図2】2方向から工作機械を表わした図である。
図3】実施の形態に従うティーチング処理を時系列に示す図である。
図4】扉の開動作を時系列に示す図である。
図5】工作機械の装置構成の一例を示す図である。
図6】変形例1に従うティーチング処理を時系列に示す図である。
図7】変形例1に従うティーチング処理を時系列に示す図である。
図8】変形例1に従うティーチング処理の結果として記憶される開閉設定を示す図である。

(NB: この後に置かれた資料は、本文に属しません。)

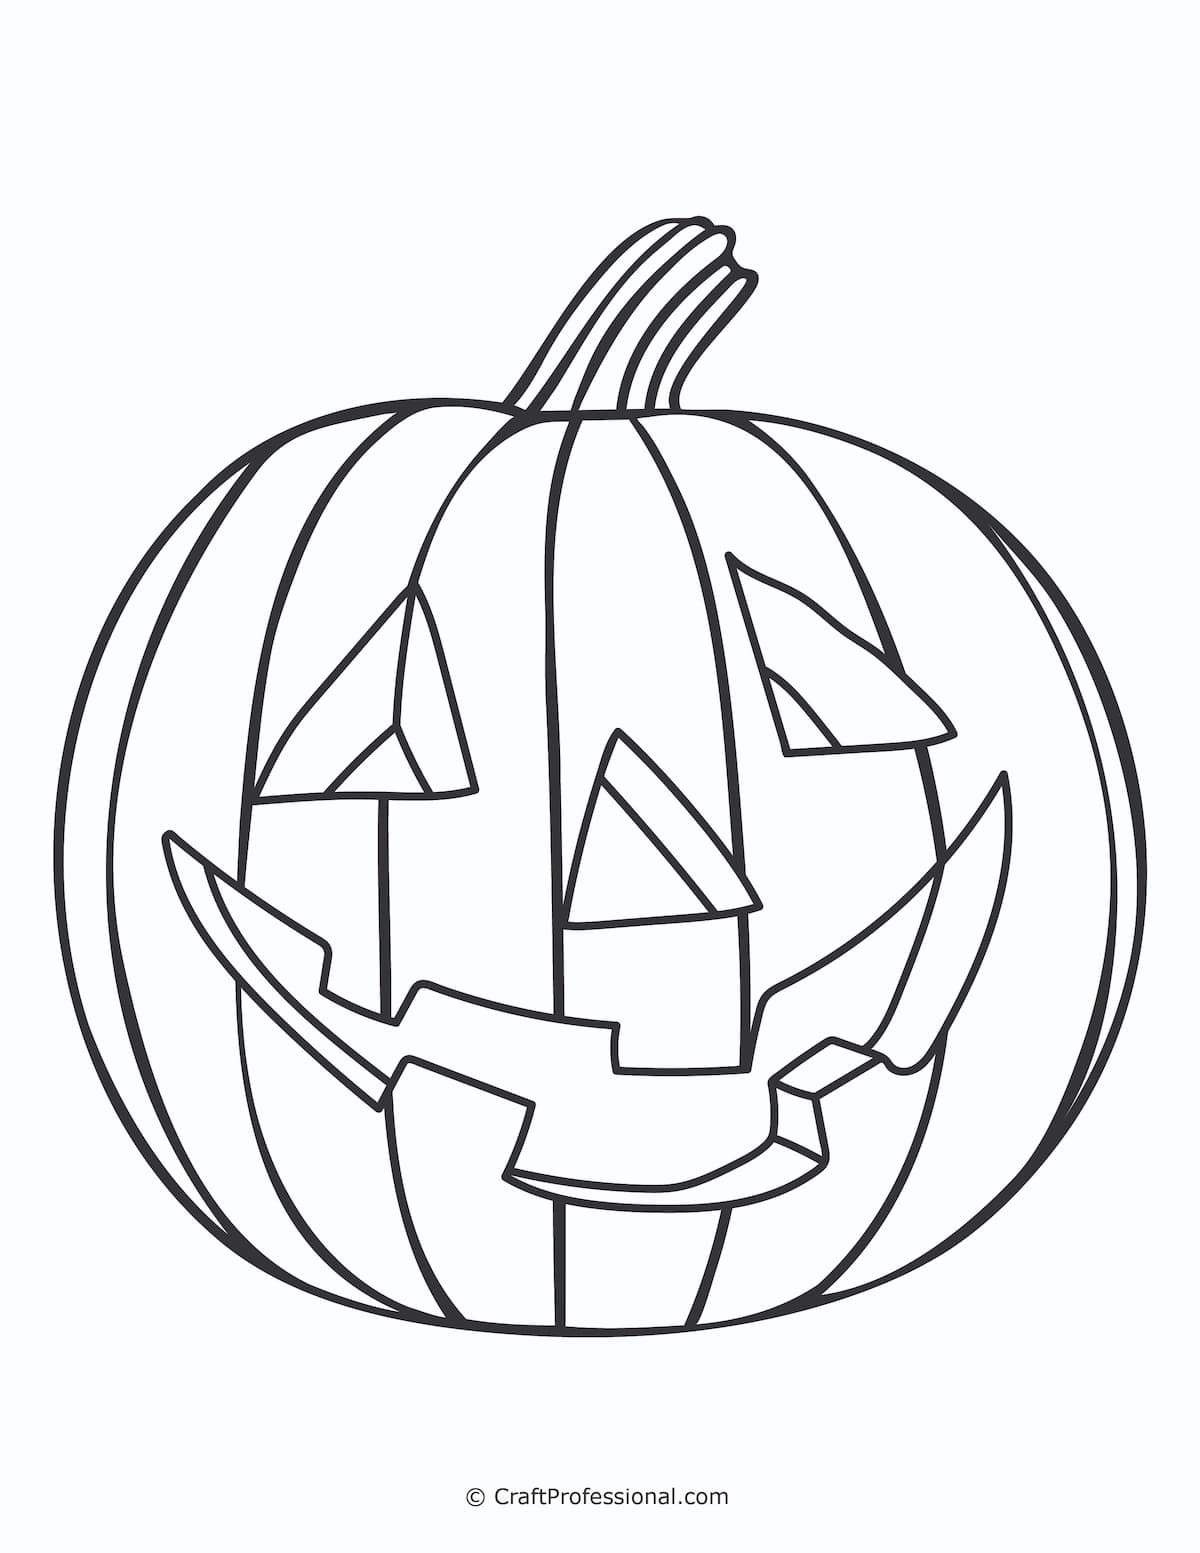 19 Pumpkin Coloring Pages Free Printables for Kids Adults to Color

図9】開閉レベル「A」での扉の動作態様を表わす図である。
図10】開閉レベル「B」での扉の動作態様を表わす図である。
図11】開閉位置を設定できる開閉レベルを増やした場合における設定画面の画面遷移を示す図である。
図12】開閉位置を設定できる開閉レベルを減らした場合における設定画面の画面遷移を示す図である。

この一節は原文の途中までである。